■ GIVEN INFORMATION ■
"""

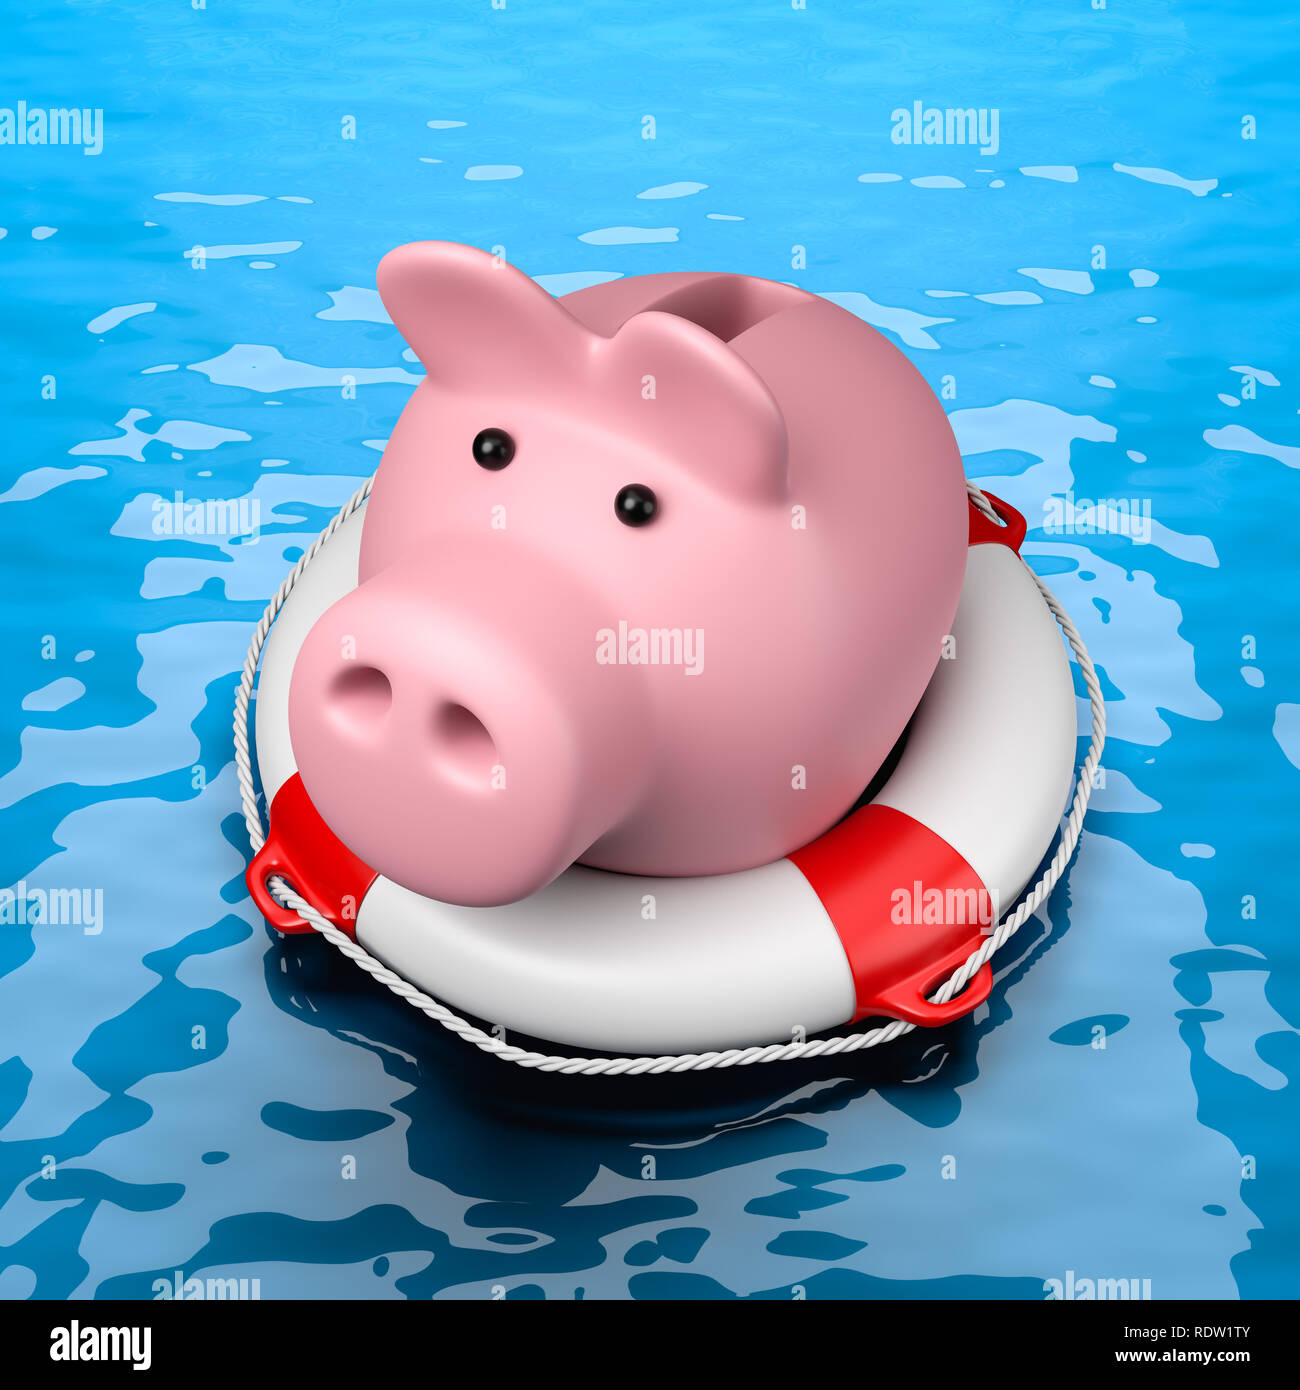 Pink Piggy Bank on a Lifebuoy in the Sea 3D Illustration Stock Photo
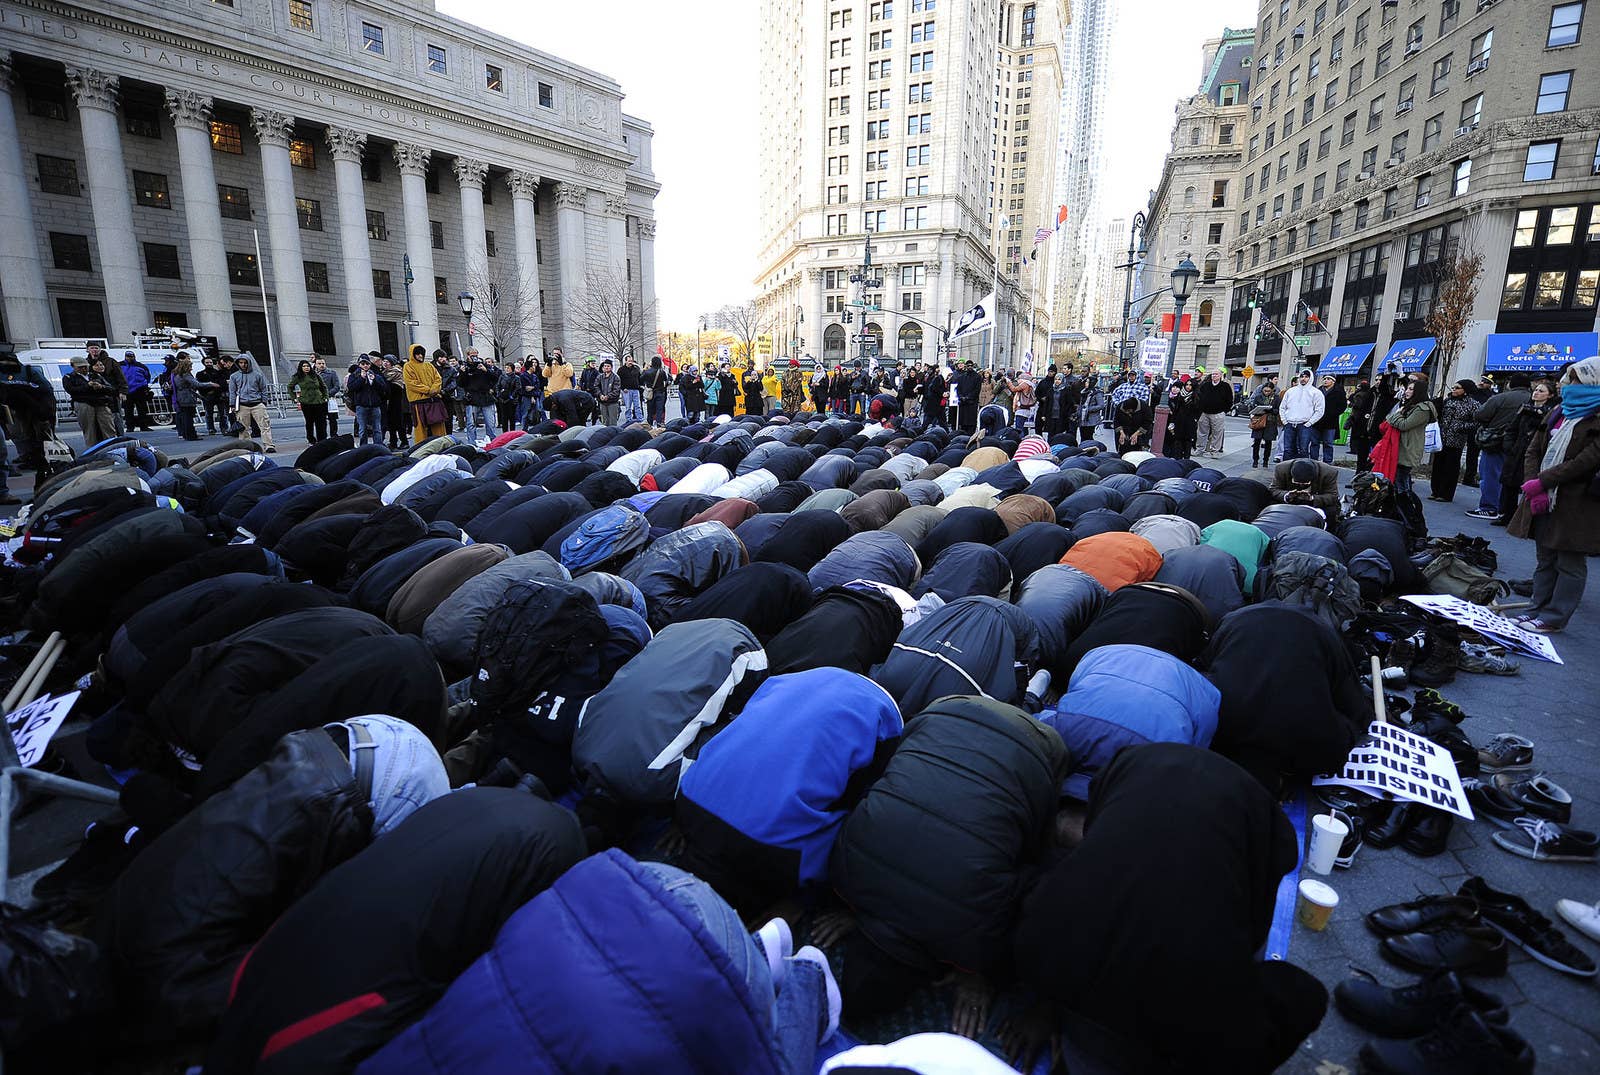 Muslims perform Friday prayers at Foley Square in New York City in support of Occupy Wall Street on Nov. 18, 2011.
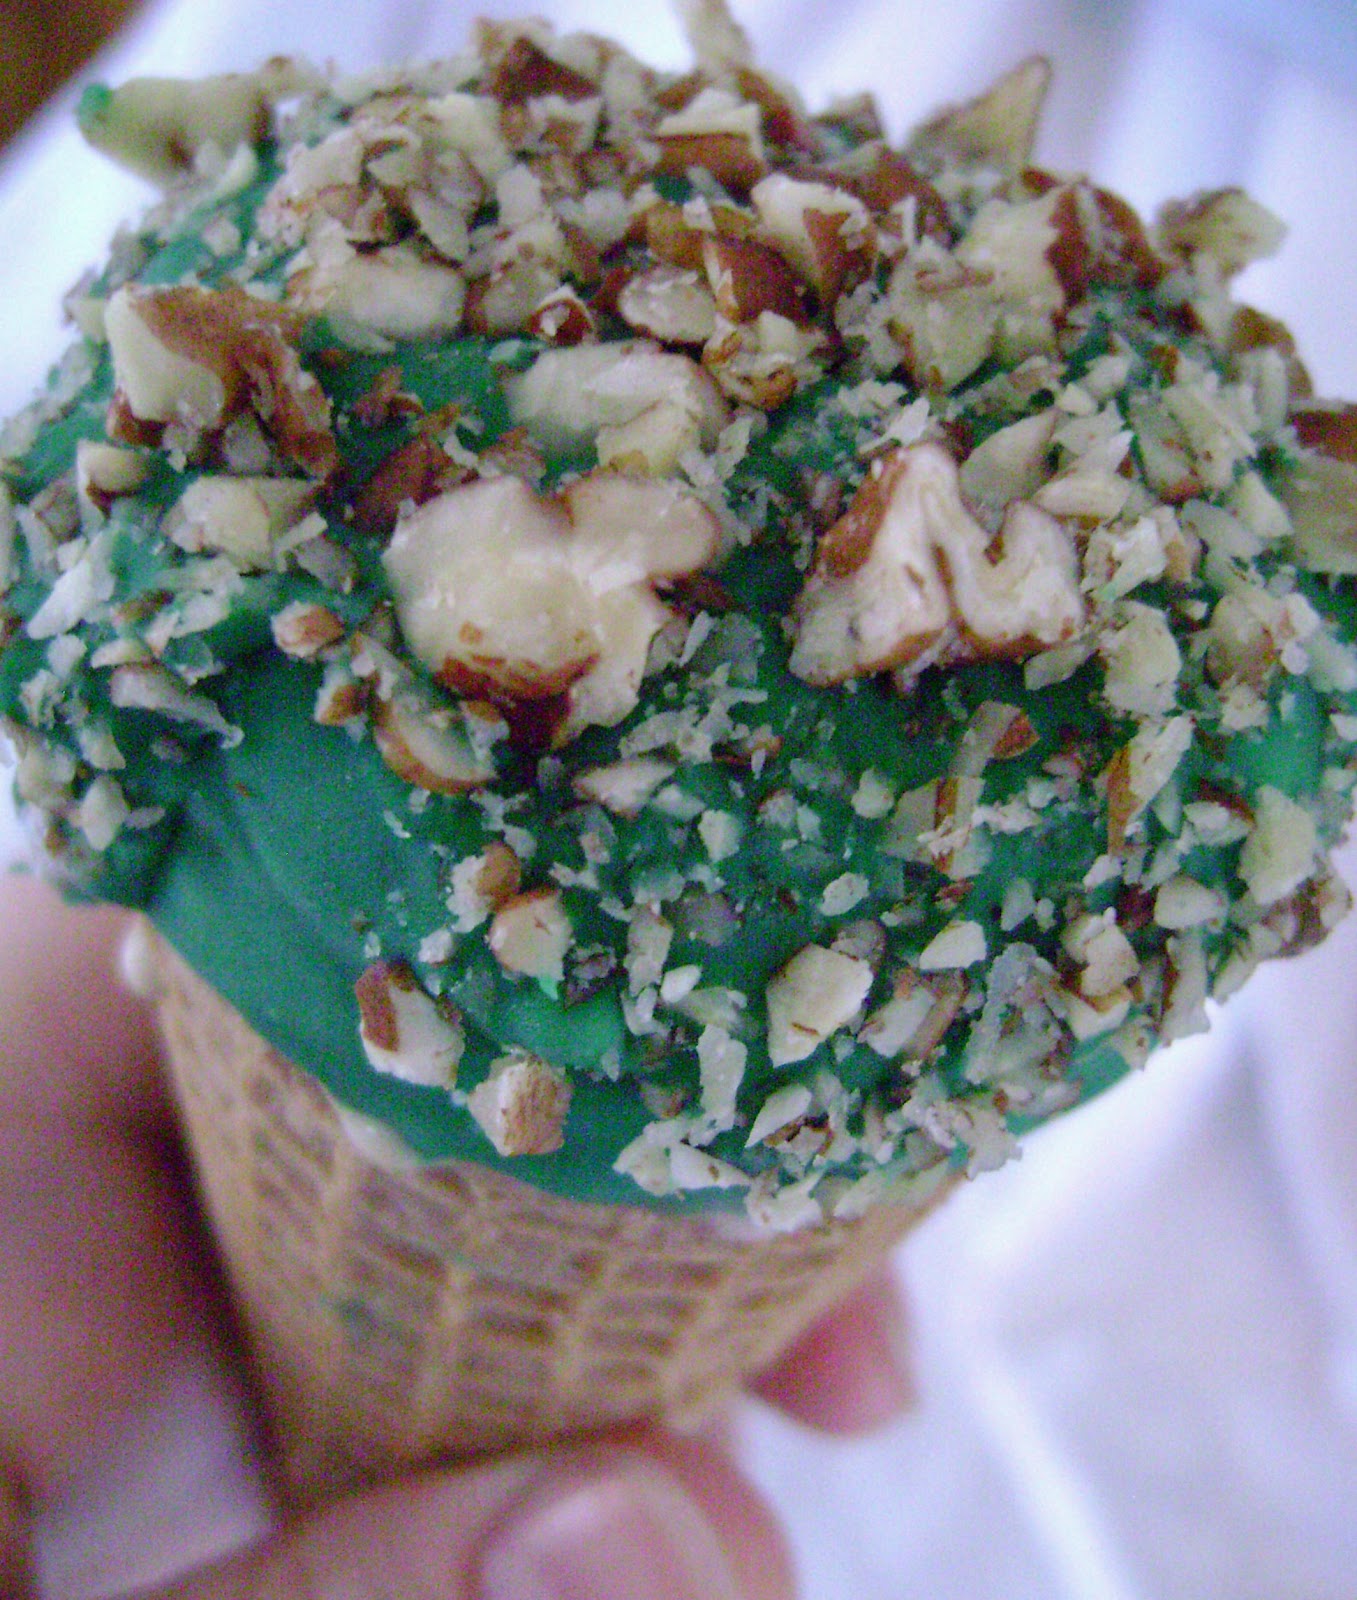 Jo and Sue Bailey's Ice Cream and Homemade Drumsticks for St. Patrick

"""

Reproduce the listing exactly, but keep its images out of the copy.

■ SOLVED PROBLEM ■
 Pink Piggy Bank on a Lifebuoy in the Sea 3D Illustration Stock Photo
 Muslims perform Friday prayers at Foley Square in New York City in support of Occupy Wall Street on Nov. 18, 2011.
 Jo and Sue Bailey's Ice Cream and Homemade Drumsticks for St. Patrick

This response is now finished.